TASK DESCRIPTION: The whole listing below is to be copied exactly, with every picture left out.

**** DATA SECTION

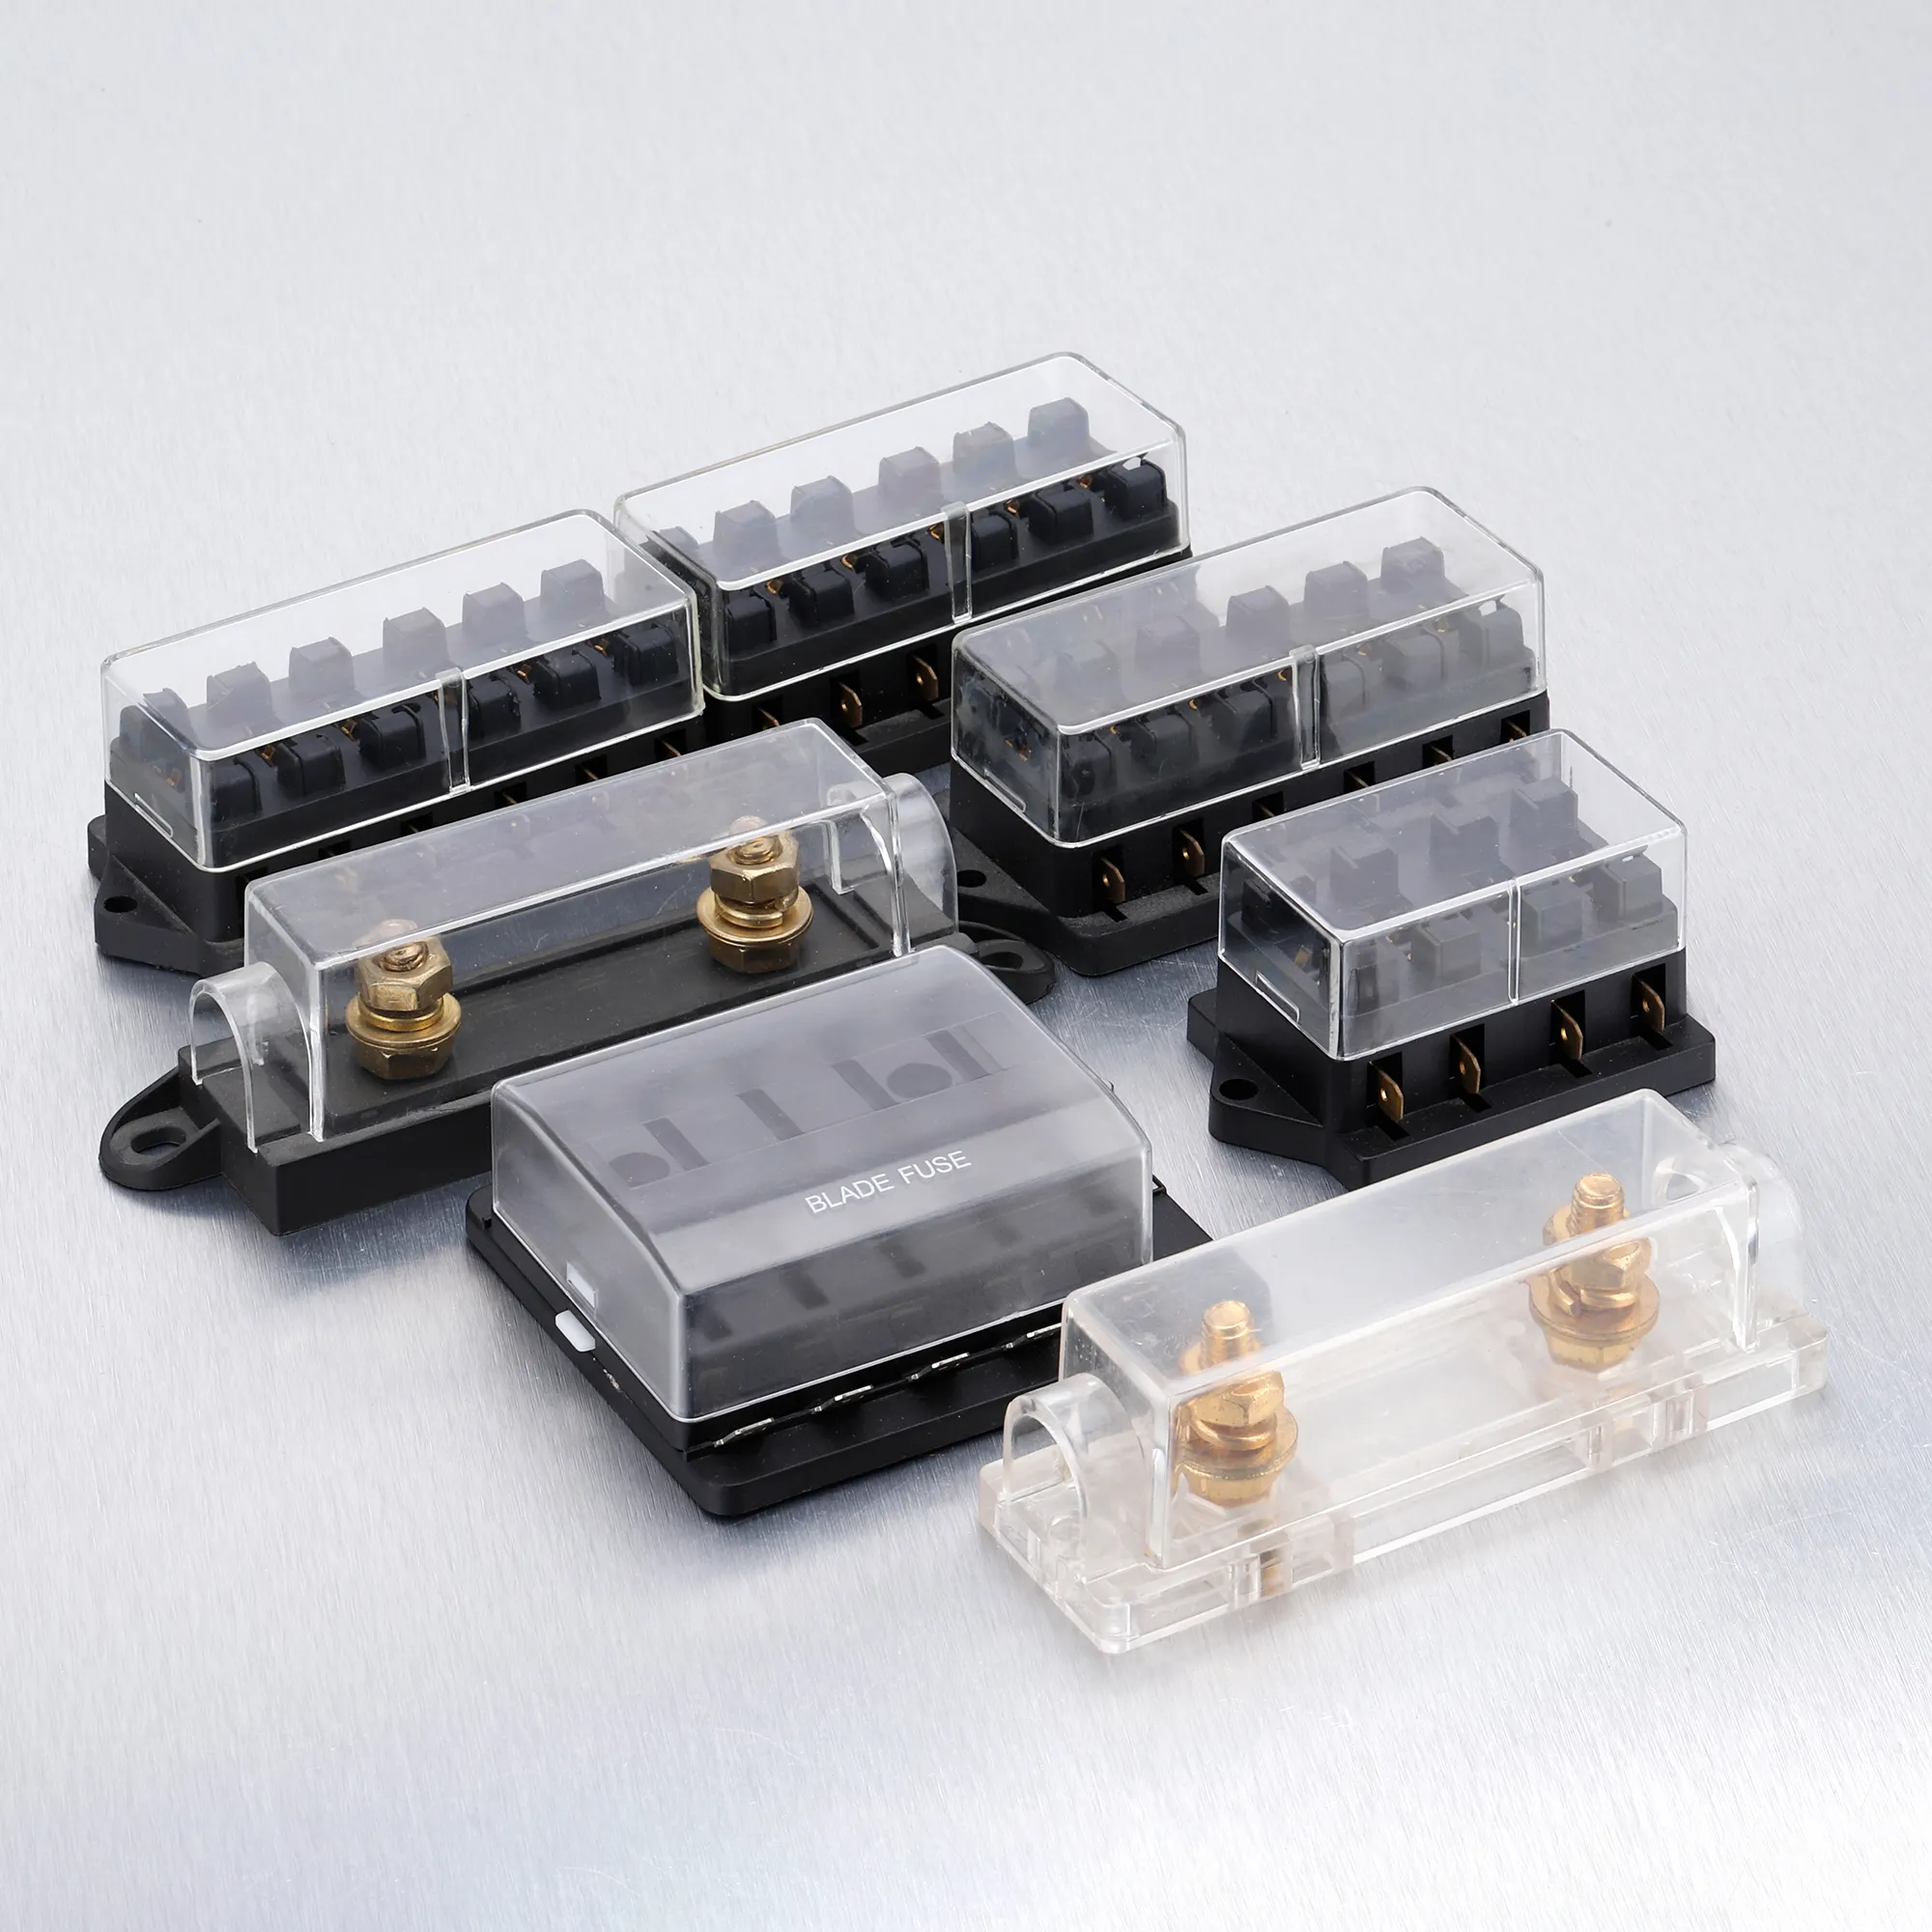 Caja de fusibles de hoja con fusibles led, minicircuito automático estándar de fabricante, 6/8/10/12 vías, para coche, camión y furgoneta
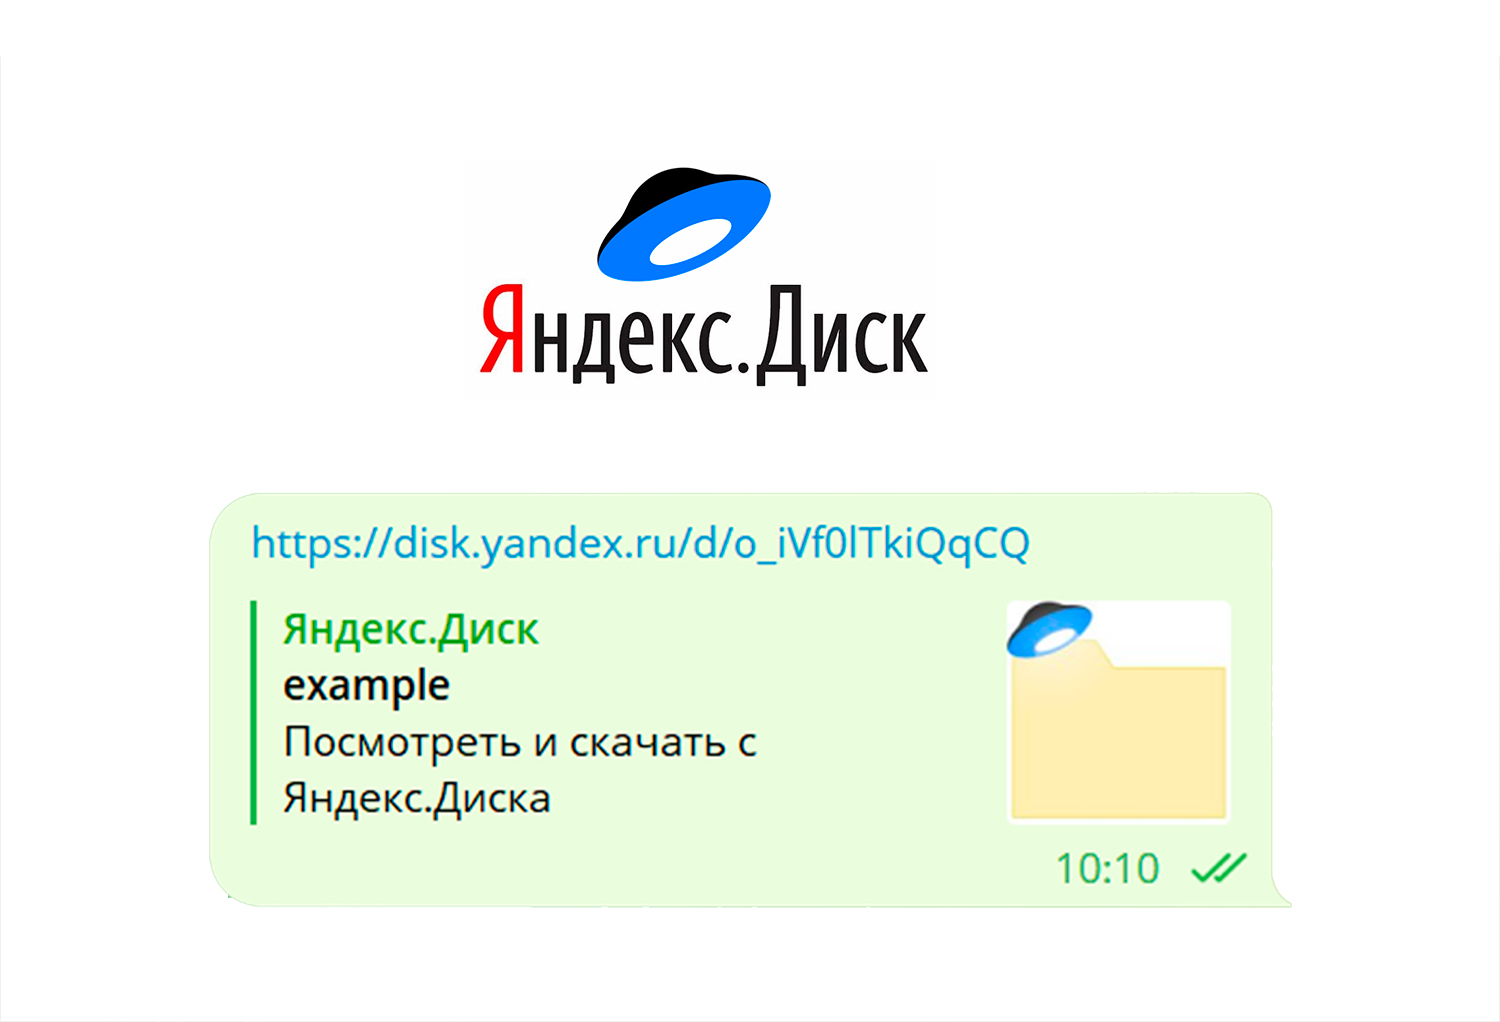 Изменения в настройке отправки на Яндекс.Диск
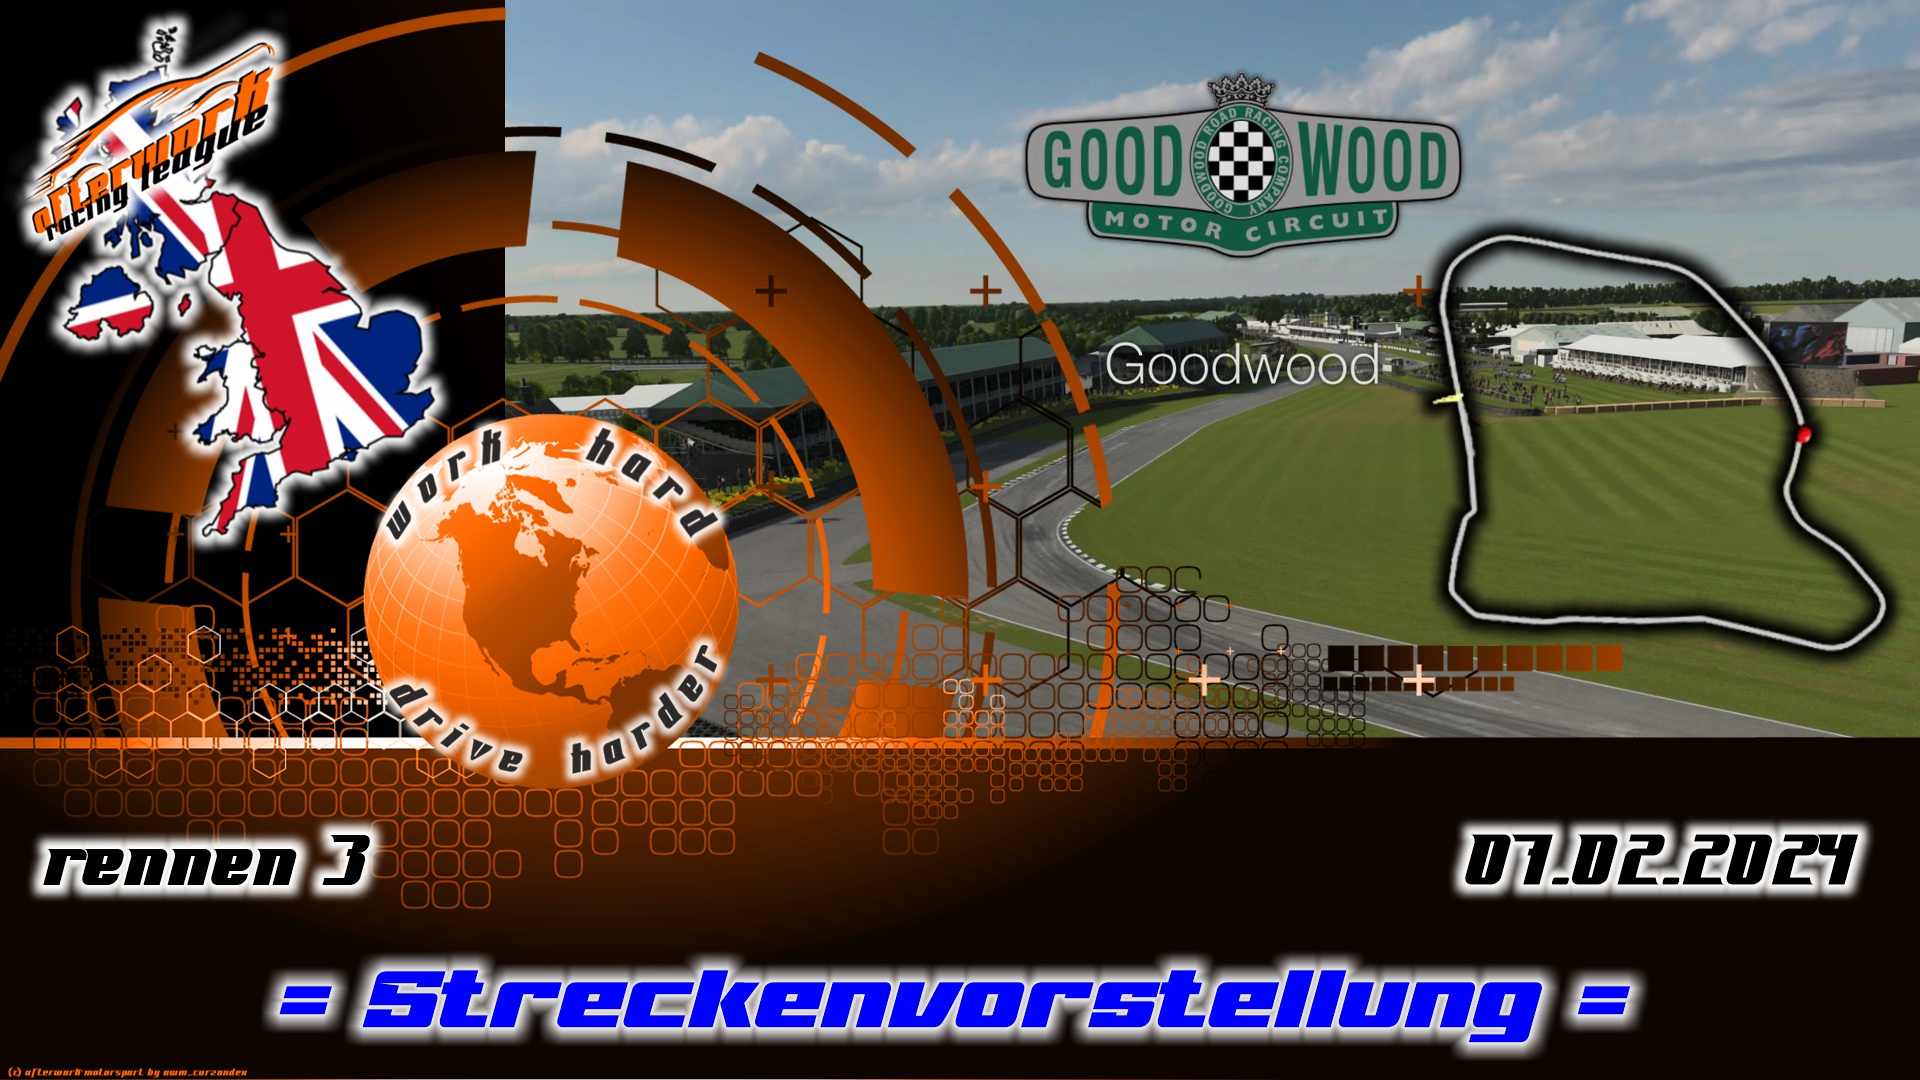 🇬🇧 S21: Rennen 3: Goodwood Motor Circuit 🇬🇧

********

FINAL ANSWER:
 Caja de fusibles de hoja con fusibles led, minicircuito automático estándar de fabricante, 6/8/10/12 vías, para coche, camión y furgoneta
 Изменения в настройке отправки на Яндекс.Диск
 🇬🇧 S21: Rennen 3: Goodwood Motor Circuit 🇬🇧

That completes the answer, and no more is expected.